The young man became part of the April 19th movement, a group that was formed five days after the start of the massive peaceful resistance. His most noteworthy participation in the struggle involved actions carried out in the city of Masaya. 

In 2018, Suazo was accused of terrorism and sent to prison. He was freed on June 11, 2019, under the controversial Amnesty Law passed by the Ortega regime. Once released, he didn’t hesitate to become part of the Civic Alliance opposition platform and continue his activism for justice in Nicaragua.

Hidden sympathy from some prison officials

“Although the regime managed a frontal campaign of repression against the opposition, when you actually passed through these centers, a very curious thing happened. The high-ranking officials, along with some mid-range ones, were willing to make evident their discontent with the current system that prevails in Nicaragua. They left very clear their position – that they weren’t in favor of what was happening to us [political prisoners], and what they were trying to subject us to,” the former political prisoner stated.

During his second period in the penitentiary system, Yubrank Suazo found some differences. He explained that during his first period in jail, there was fanaticism on the part of the guards and other police authorities. But it was different this last period.

He asserted that the jail authorities didn’t hesitate to show their support. “They helped you by passing on certain types of information or managed to better the minimum conditions in the cell,” he commented.

These actions didn’t occur in the presence of the superior officers, when the guards would immediately change their attitudes.

Suazo was in the maximum-security prison wing known as El Infernillo [“Little Hell”]. There, he met an official who the common prisoners called El Maldito [“the evil one”]. Nonetheless, Yubrank ended up establishing a close relationship with him, and the official eventually revealed his humane side in different ways.

“He told me about his internal discomfort,” Suazo added.
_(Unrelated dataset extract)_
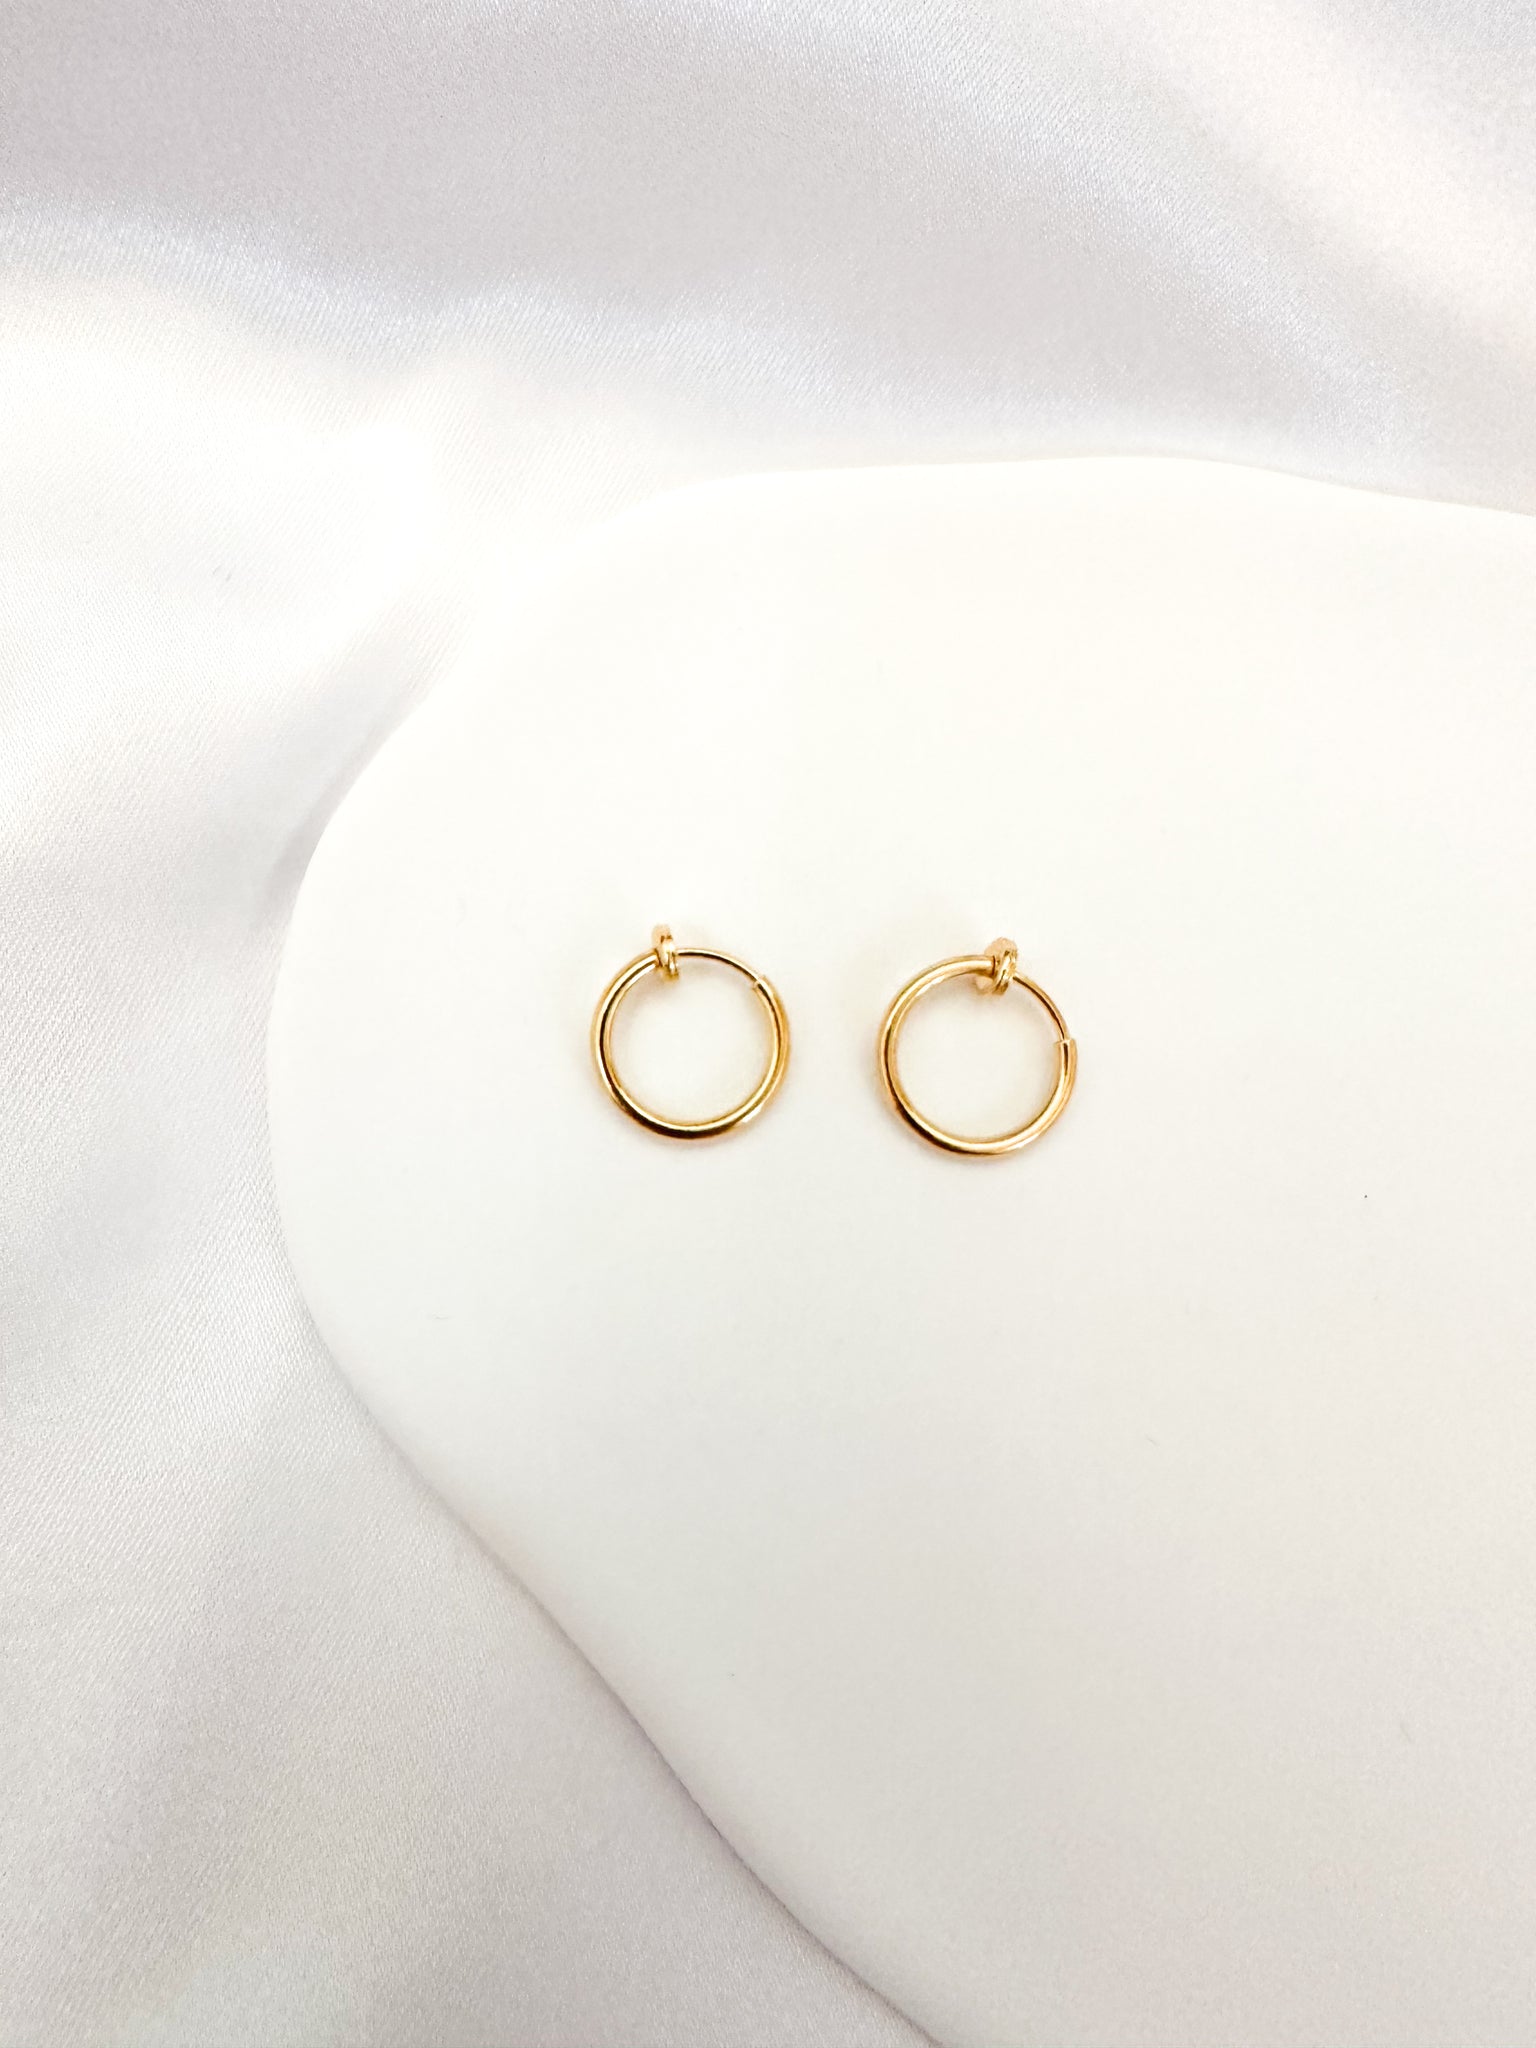 13mm dainty gold clipon hoop earrings

He clearly recalled one occasion when he got sick, and the guard couldn’t hide his concern for his state of health. “He came up to me and asked: ‘What’s going on?’ He calmed me down and said, ‘We’re going to help you.’ I remember that they were handing out breakfast, and he grabbed the plate that they served me and put it in my hands. He said: ‘Eat, even if just a little more. You have to be strong,’” the ex-political prisoner recalled.

The moment of banishment was heartbreaking

For Yubrank Suazo, the news that they were going to be “freed” was one of the most painful situations he had ever faced in his life. The former prisoner is firm in his conviction that his struggle must be waged together with his fellows, in his place of origin.
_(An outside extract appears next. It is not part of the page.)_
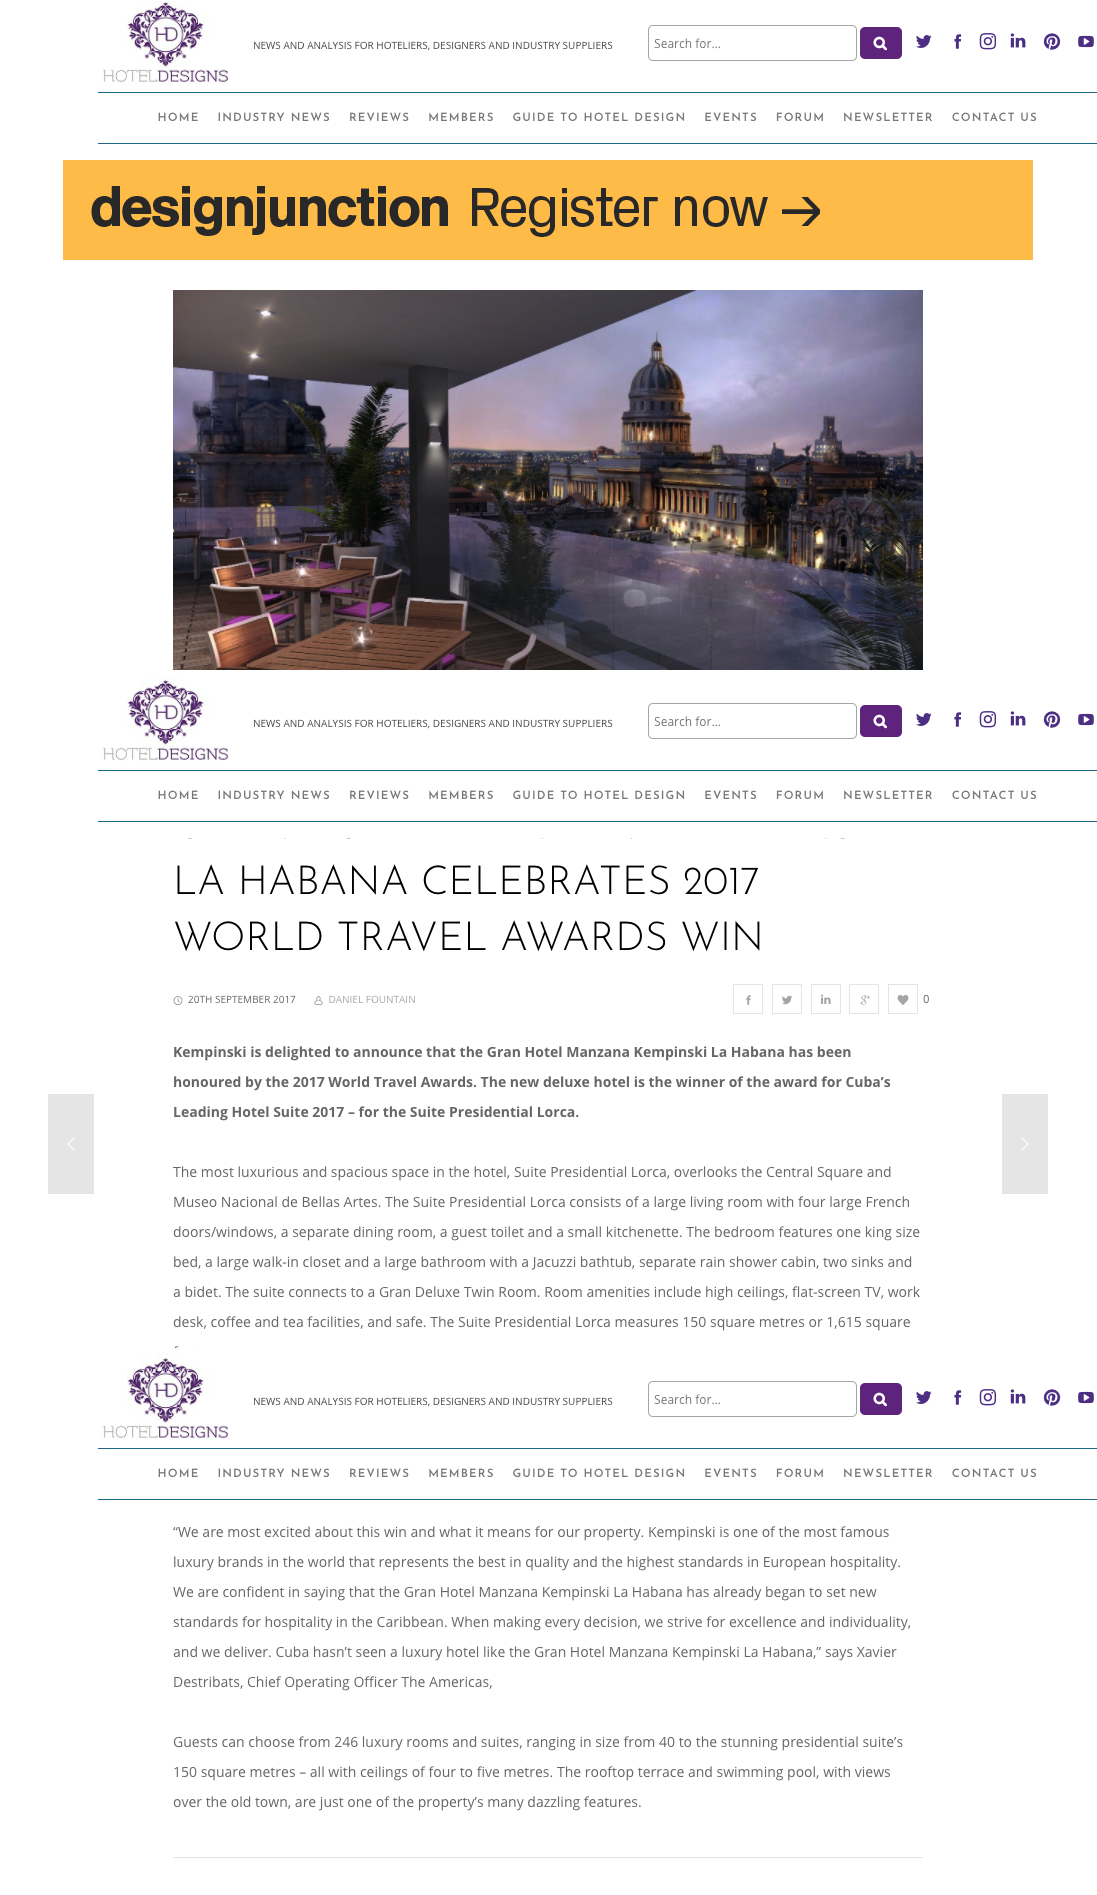 Gran Hotel Manzana Kempinski La Habana celebrates 2017 World Travel Awards win

Yubrank Suazo and his father Wilfredo Suazo artisans from Masaya. Photo: Uriel Molina / La Prensa

When he arrived at Managua’s International Airport and understood that he was going to leave the country without being able to say goodbye to his family, Yubrank couldn’t control his sobbing. “I cried like a kid. When I managed to contact my dad, just after I got here to the United States, he was happier than I was. He was overcome with happiness, knowing that although I was far away, I was free. But I was crying from sadness. Knowing that I had left them, that some nine months had passed when I couldn’t embrace them,” he commented, his voice breaking.
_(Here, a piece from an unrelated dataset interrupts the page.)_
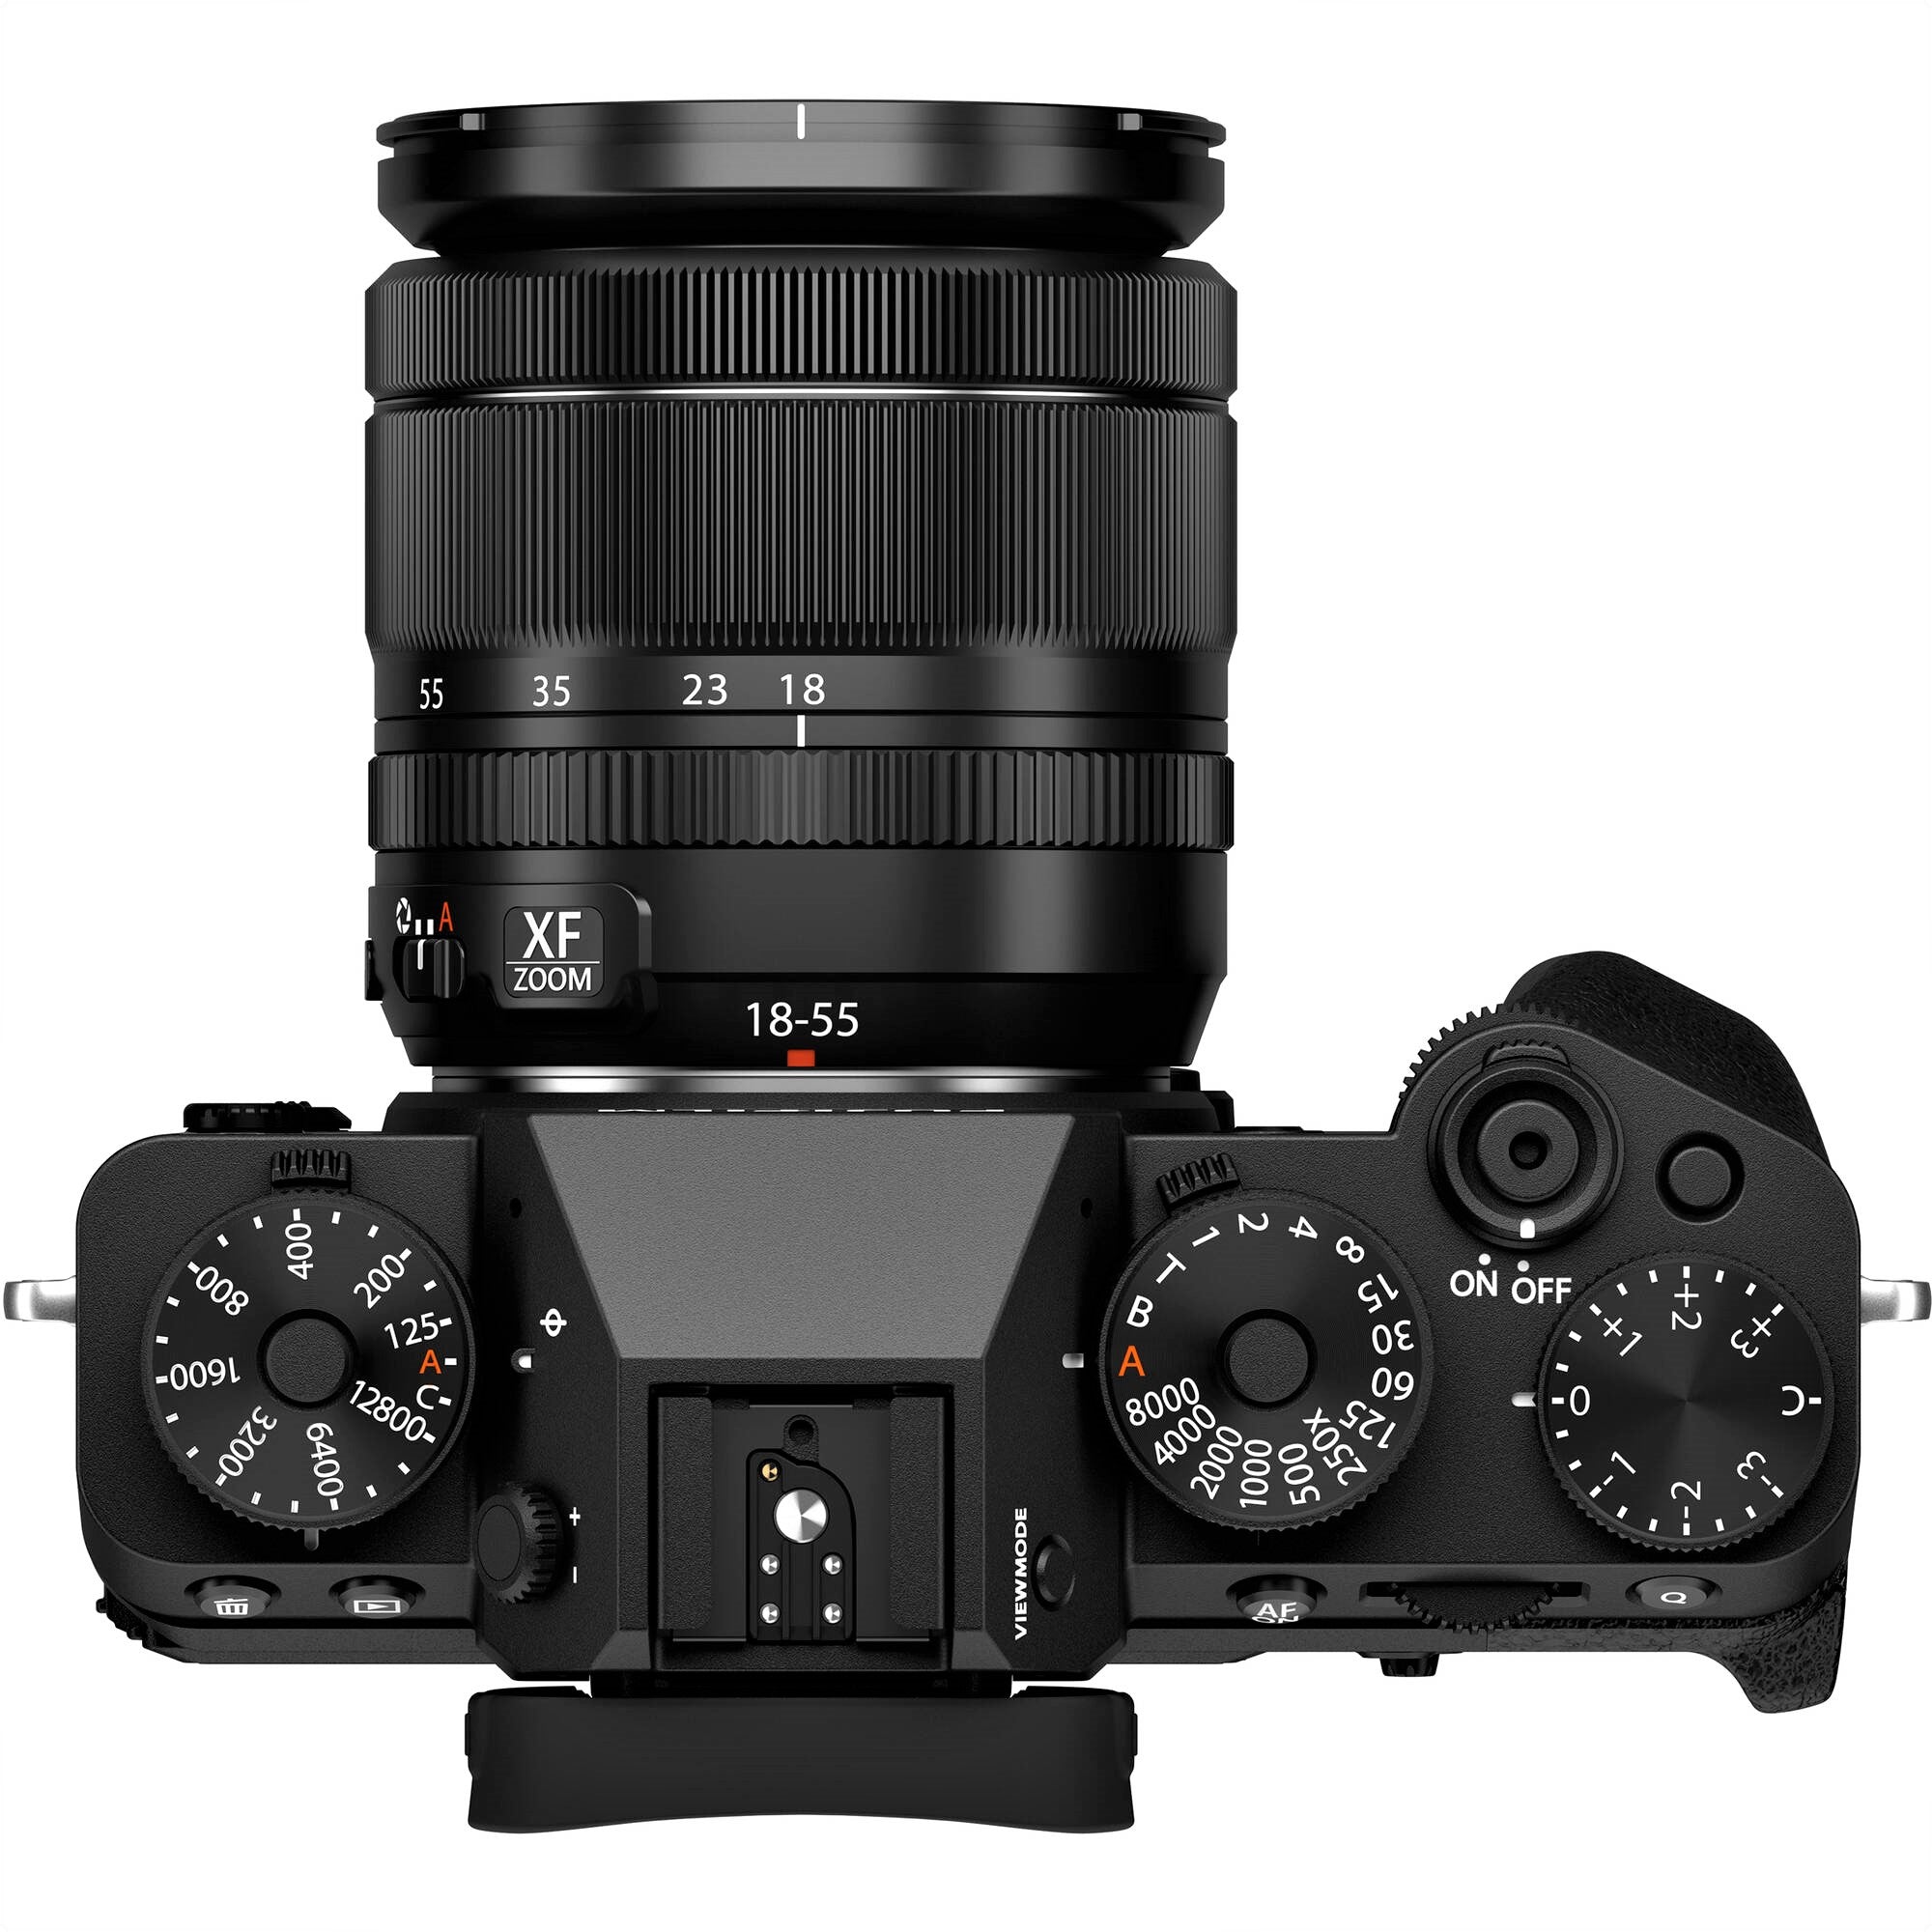 Fujifilm X-T5 Mirrorless Camera with 18-55mm Lens (Black) - Top View

This young Nicaraguan is still overwhelmed with doubts about whether he’ll be able to return to the country one day and reunite with his family. Before going up the stairs leading to the airplane, he bent down and kissed the ground – for him a symbol of the farewell kiss he couldn’t give his loved ones.

From his place of exile, Suazo has now reassumed an active role in the struggle, because he’s not going to offer any truce to the Ortega forces he declared. “I’m left with the need to process and accept my new reality, establish a short and medium plan for my life, without losing sight of the principal objective to reach, together with those who valiantly continue fighting for the freedom of our country,” he concluded.